Action item:
Write out every line below again exactly as it stands, skipping each image.

Provided data:
────────────────

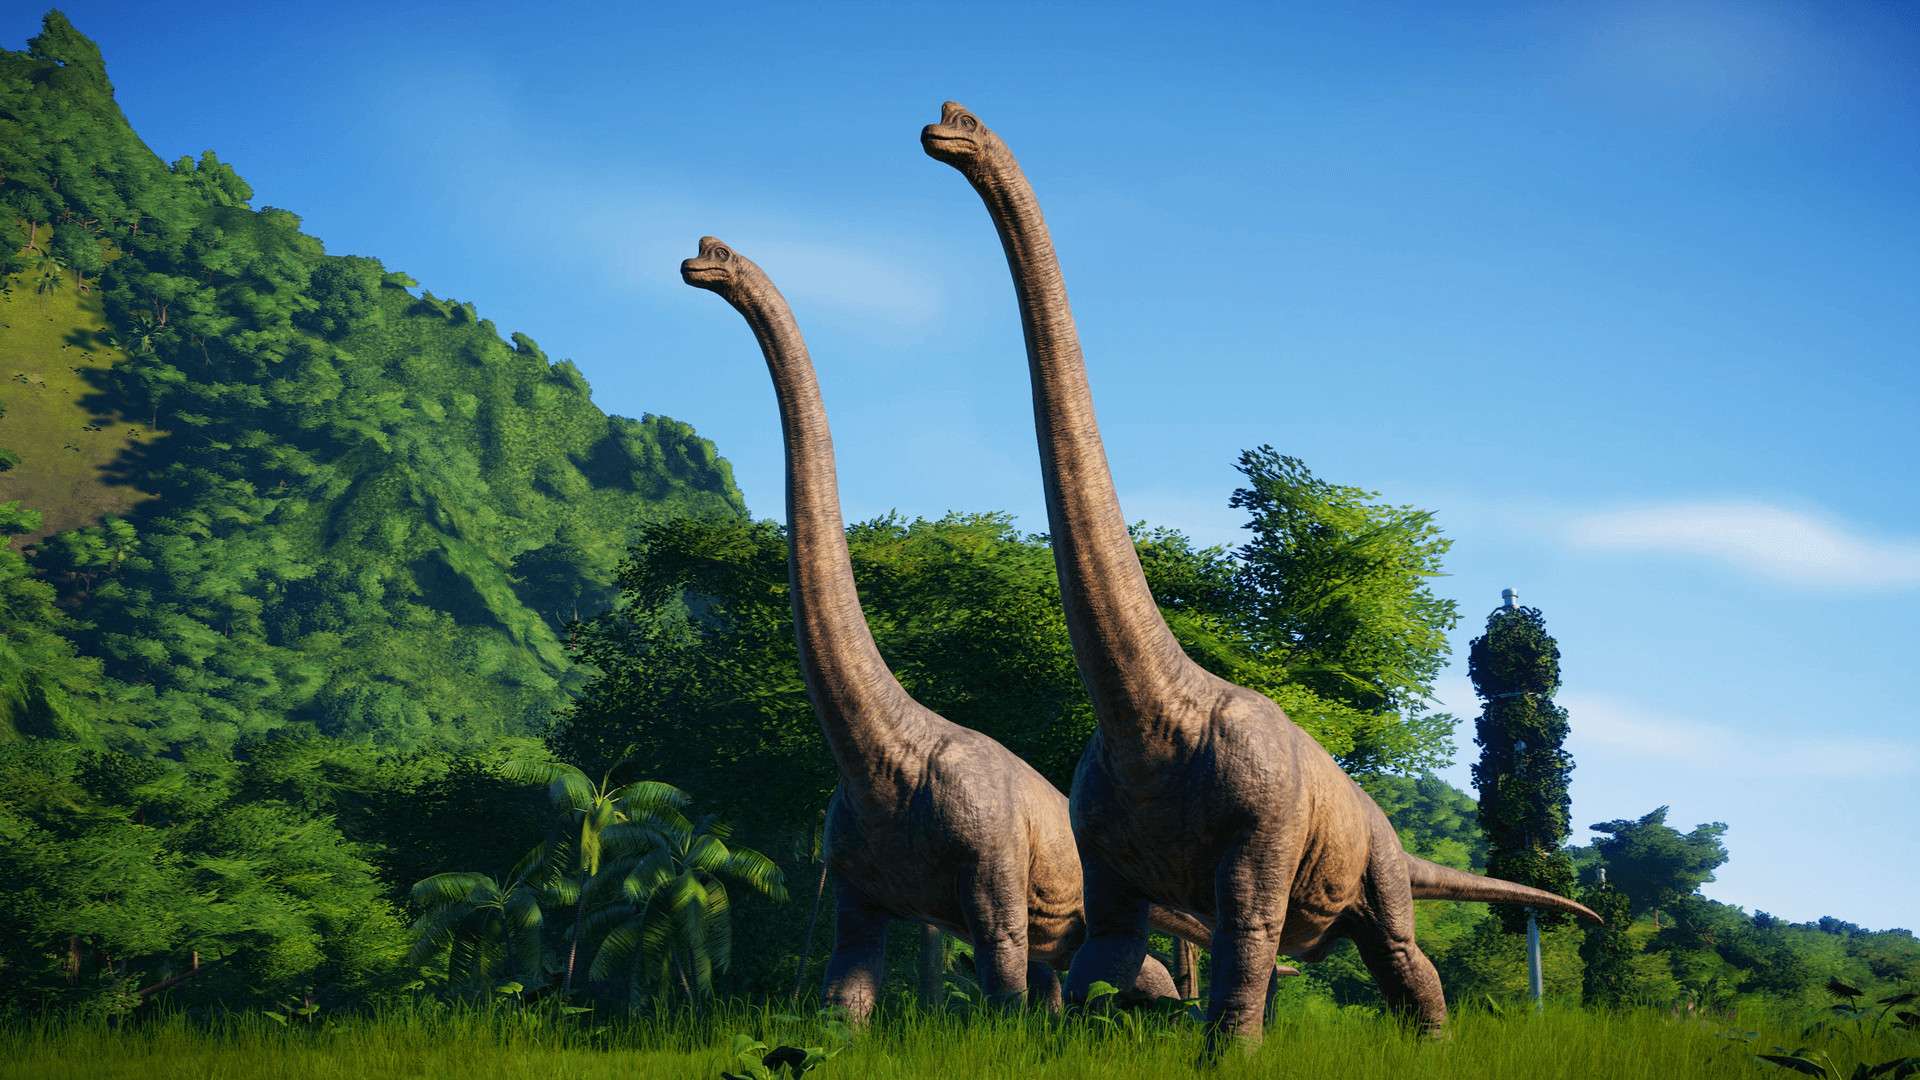 Jurassic World Evolution 2 actualización
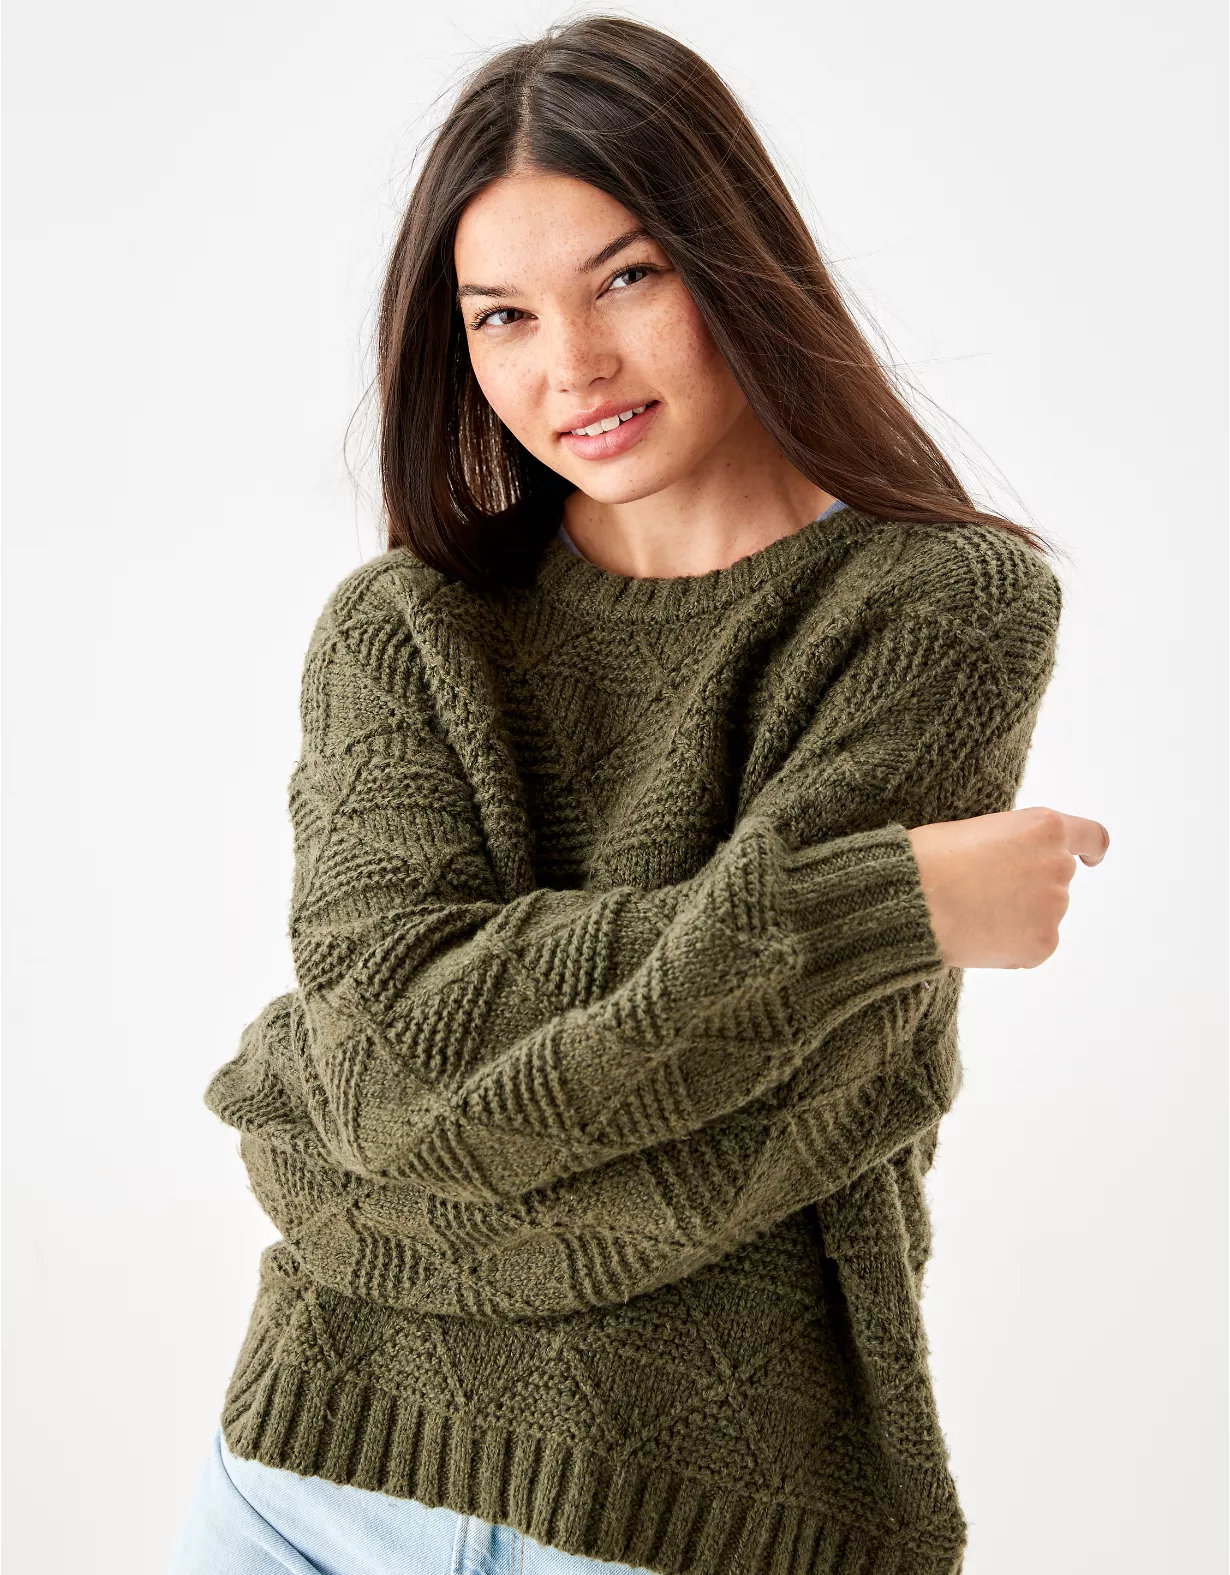 AE Mixed Stitch Sweater
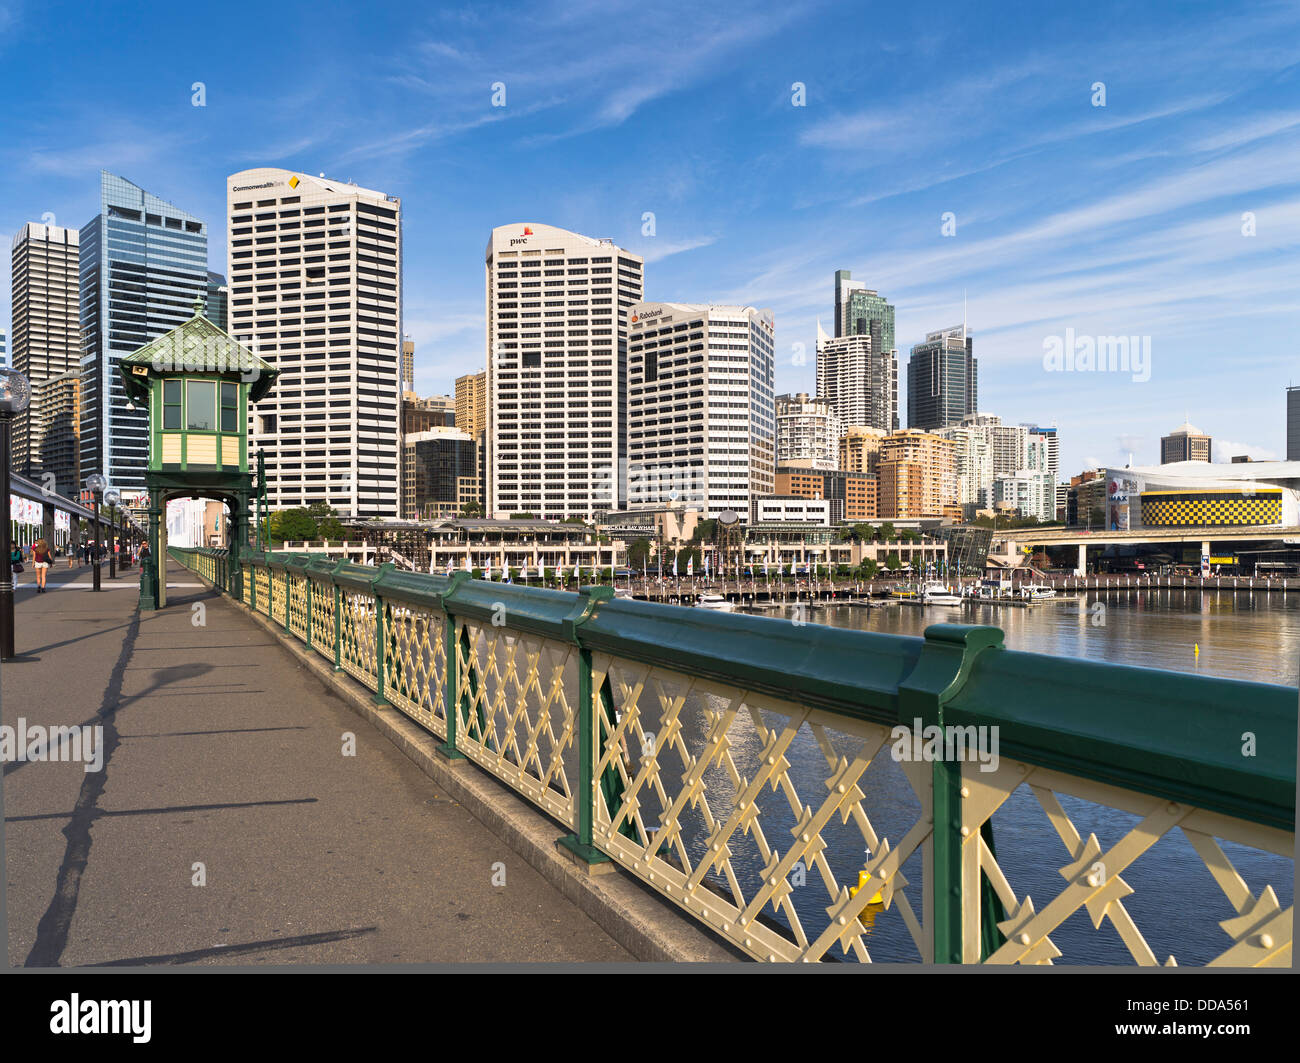 Hafen der Stadt Skyline von dh Darling Harbour SYDNEY Australien Pyrmont Bridge Wolkenkratzer Stockfoto
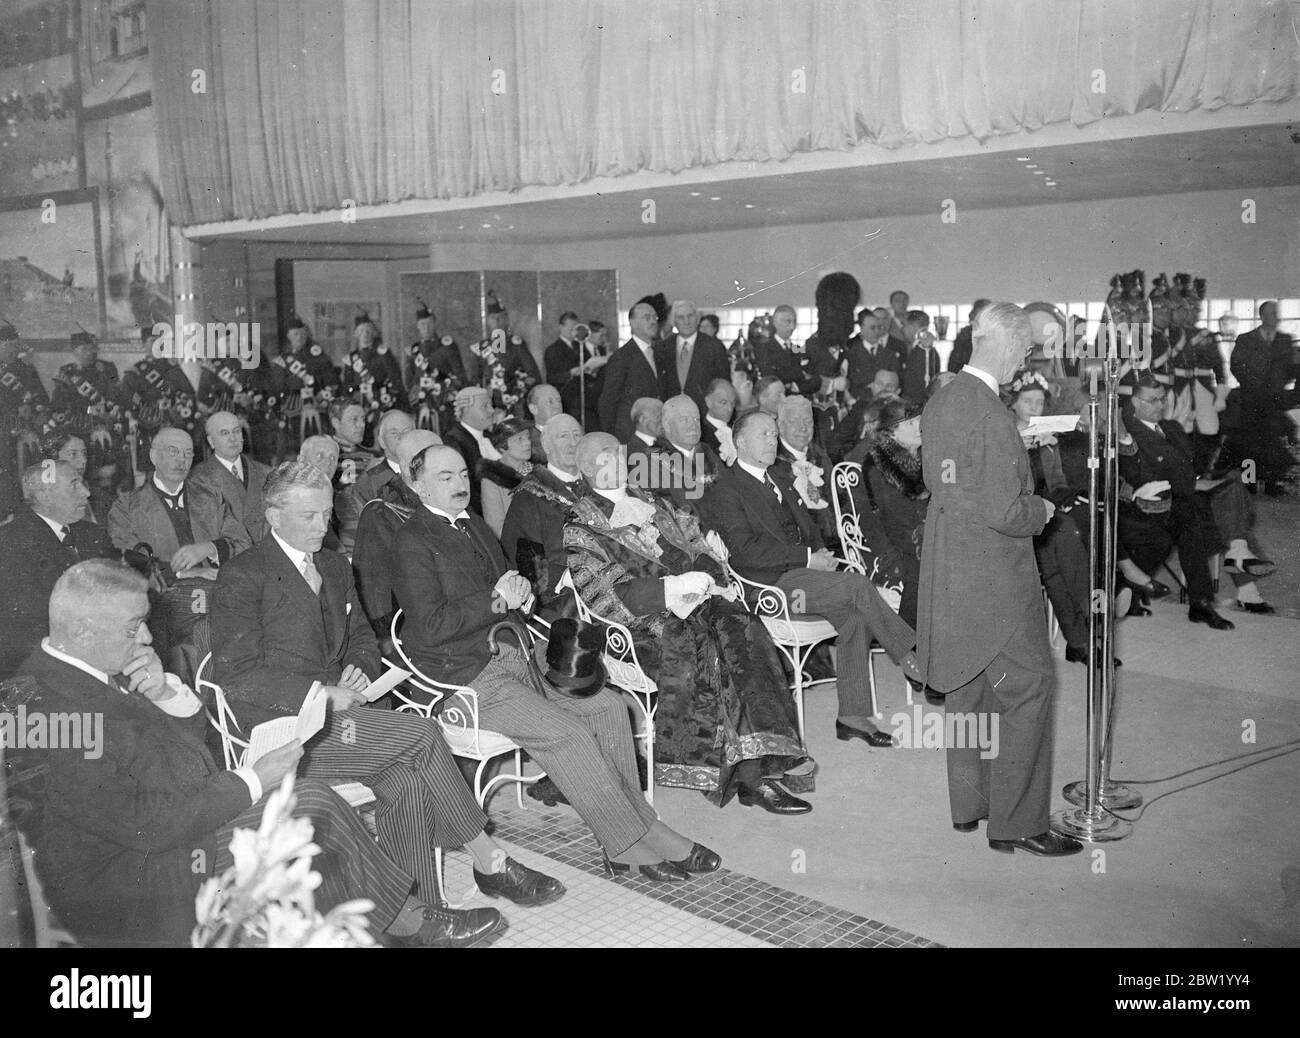 Le maire de Londres, Sir George Broadbridge, ouvre le pavillon britannique à l'exposition de Paris. 19. Juin 1937 Banque D'Images

────────────────

Response to this exercise:
 Jurassic World Evolution 2 actualización
 AE Mixed Stitch Sweater
 Hafen der Stadt Skyline von dh Darling Harbour SYDNEY Australien Pyrmont Bridge Wolkenkratzer Stockfoto
 Le maire de Londres, Sir George Broadbridge, ouvre le pavillon britannique à l'exposition de Paris. 19. Juin 1937 Banque D'Images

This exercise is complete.